English historian and journalist (born 1964)

Simon Targett (born 1964) is an English historian, lecturer and freelance journalist. He is a former associate editor of the Financial Times. In March 2018 Barnes & Noble included his book New World, Inc.: The Making of America by England’s Merchant Adventurers, co-written with American business writer John Butman, in its list of best history books of the month.

Targett has a PhD in History from the University of Cambridge.

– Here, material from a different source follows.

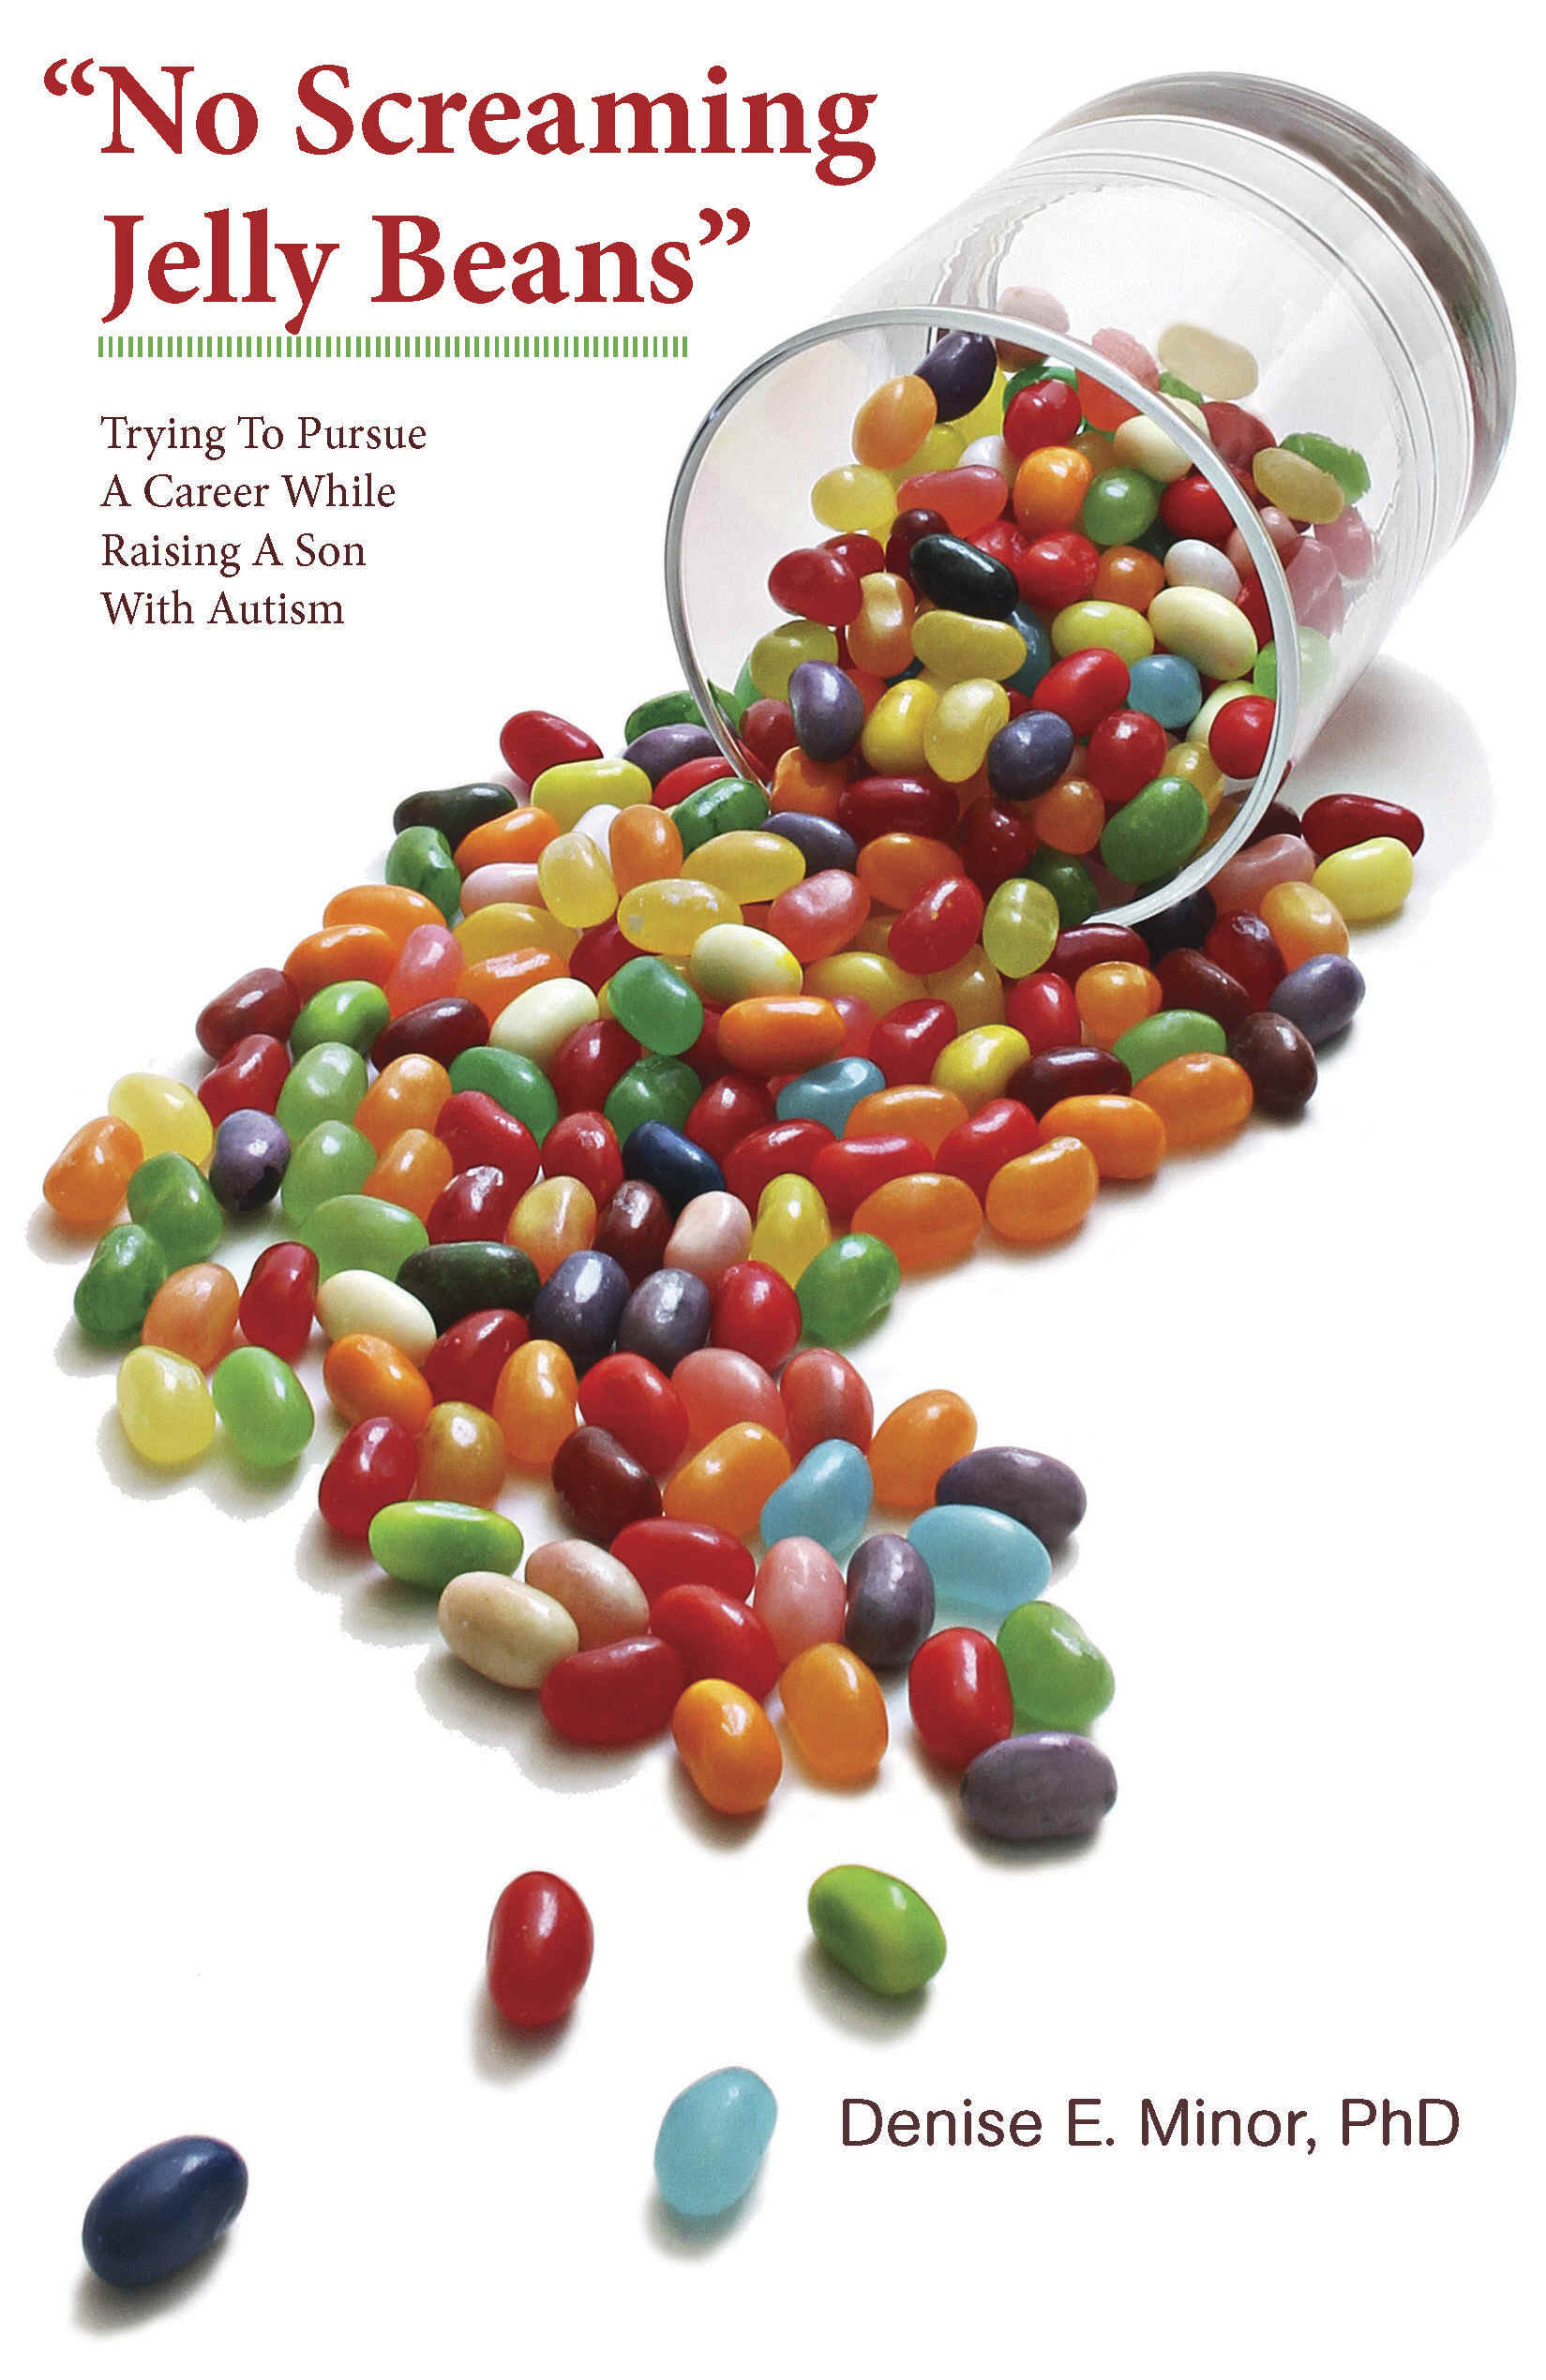 "No Screaming Jelly Beans" by Denise Minor

In 2024 he was elected chair of the Richmond Local History Society in Richmond, London. He has given talks to the society on George Vancouver, on Robert Walpole and on Richmond and Mortlake’s part in the founding of America and the launching of the British Empire.

==Works==
===Books===
- (with John Butman) New World, Inc: The Making of America by England's Merchant Adventurers, 432 pp. (Little, Brown and Company, 2018) ISBN 978-0316307888
- (with Michael J. Silverstein, Abheek Singhi, Carol Liao and David Michael). The 10 Trillion Dollar Prize: Captivating the Newly Affluent in China and India (Harvard Business Review Press, 2012) ISBN 978-1422187050

===Journal articles===
- "A house, a tomb, a monkey puzzle tree, a fight and a book of discovery: George Vancouver's connection with Petersham, Kew and Richmond" (2024)
- "Sir Robert Walpole, Britain's first Prime Minister, and his connections with Richmond" (2023)
- "A momentous conversation in Richmond Palace: the three secrets that Francis Drake told Queen Elizabeth on his return from circumnavigating the world" (2020)
- Targett, Simon (1994). "Government and Ideology during the Age of Whig Supremacy: The Political Argument of Sir Robert Walpole's Newspaper Propagandists"

==Personal life==
Targett lives in St Margarets, London.